STC-15 is a potent, selective and orally active inhibitor of RNA methyltransferase METTL3, with an IC₅₀ value of 6.1nM^[^1]. STC-15 can activate the innate immune pathway and modify the tumor microenvironment (TME), transforming the TME from an immunosuppressive, tumor-promoting state to an immunostimulatory, anti-tumor state^[2]. STC-15 has been widely used in inhibiting tumor progression in cell and animal models, as well as in the development of novel combined therapies^[3].

In vitro, STC-15 treatment combined with HJP-178 for 7 days significantly inhibited the proliferation of SKOV-3 cells, with IC₅₀ values of 1.194μM^[4]. STC-15 treatment (0.5µM) for 48h induced the expression of endogenous IFN signaling in the Caov3 ovarian cell line^[5].

In vivo, STC-15 treatment via intraperitoneal injection at a dose of 30mg/kg/day for 2 days significantly reduced the cellular level of m⁶A in peripheral blood mononuclear cells (PBMC) of SD rats^[6].

References:
[1] Tang H, Zhang R, Zhang A. Small-molecule inhibitors targeting RNA m6A modifiers for cancer therapeutics: latest advances and future perspectives[J]. Journal of Medicinal Chemistry, 2025, 68(17): 18114-18142.
[2] Ofir-Rosenfeld Y, Vasiliauskaitė L, Obacz J, et al. Abstract C077: STC-15, a small molecule inhibitor of the RNA methyltransferase METTL3, activates anti-tumor immunity and reshapes the tumor microenvironment[J]. Molecular Cancer Therapeutics, 2023, 22(12_Supplement): C077-C077.
[3] Vasiliauskaite L, Ofir-Rosenfeld Y, Albertella M, et al. Abstract A18: STC-15, a novel METTL3 inhibitor, and its combination with Venetoclax confer anti-tumour activity in AML models[J]. Blood Cancer Discovery, 2023, 4(3_Supplement): A18-A18.
[4] Ou Y J, Liu B J, Xuan Y F, et al. The combination of BET and METTL3 inhibitors elicits synergistic antitumor effects in ovarian cancer cells via reducing SP1 and BCL-2 expression[J]. Life Sciences, 2025, 368: 123505.
[5] Ofir-Rosenfeld Y, Vasiliauskaitė L, Obacz J, et al. STC-15, a small molecule inhibitor of the RNA methyltransferase METTL3, activates anti-tumor immunity and reshapes the tumor microenvironment[C]//MOLECULAR CANCER THERAPEUTICS. 615 CHESTNUT ST, 17TH FLOOR, PHILADELPHIA, PA 19106-4404 USA: AMER ASSOC CANCER RESEARCH, 2023, 22(12).
[6] Dutheuil G, Oukoloff K, Korac J, et al. Discovery, optimization, and preclinical pharmacology of EP652, a METTL3 inhibitor with efficacy in liquid and solid tumor models[J]. Journal of Medicinal Chemistry, 2025, 68(3): 2981-3003.
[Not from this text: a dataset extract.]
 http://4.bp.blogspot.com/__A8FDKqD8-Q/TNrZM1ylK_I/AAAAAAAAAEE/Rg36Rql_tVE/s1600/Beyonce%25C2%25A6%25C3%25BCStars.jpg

STC-15是一种强效、选择性、口服有效的RNA甲基转移酶METTL3抑制剂，IC₅₀值为6.1nM^[1]。STC-15可以激活先天免疫通路并改造肿瘤微环境（TME），将TME从免疫抑制、促肿瘤状态转变为免疫刺激、抗肿瘤状态^[2]。STC-15已被广泛用于在细胞和动物模型中抑制肿瘤进展，以及用于开发新型联合疗法^[3]。

在体外，STC-15联合HJP-178处理7天显著抑制了SKOV-3细胞的增殖，IC₅₀值为1.194μM^[4]。STC-15处理（0.5µM）48小时，在Caov3卵巢癌细胞系中诱导了内源性干扰素信号通路的表达^[5]。

在体内，通过腹腔注射STC-15，剂量为30mg/kg/day，连续2天，显著降低了SD大鼠外周血单核细胞（PBMC）中的m⁶A水平^[6]。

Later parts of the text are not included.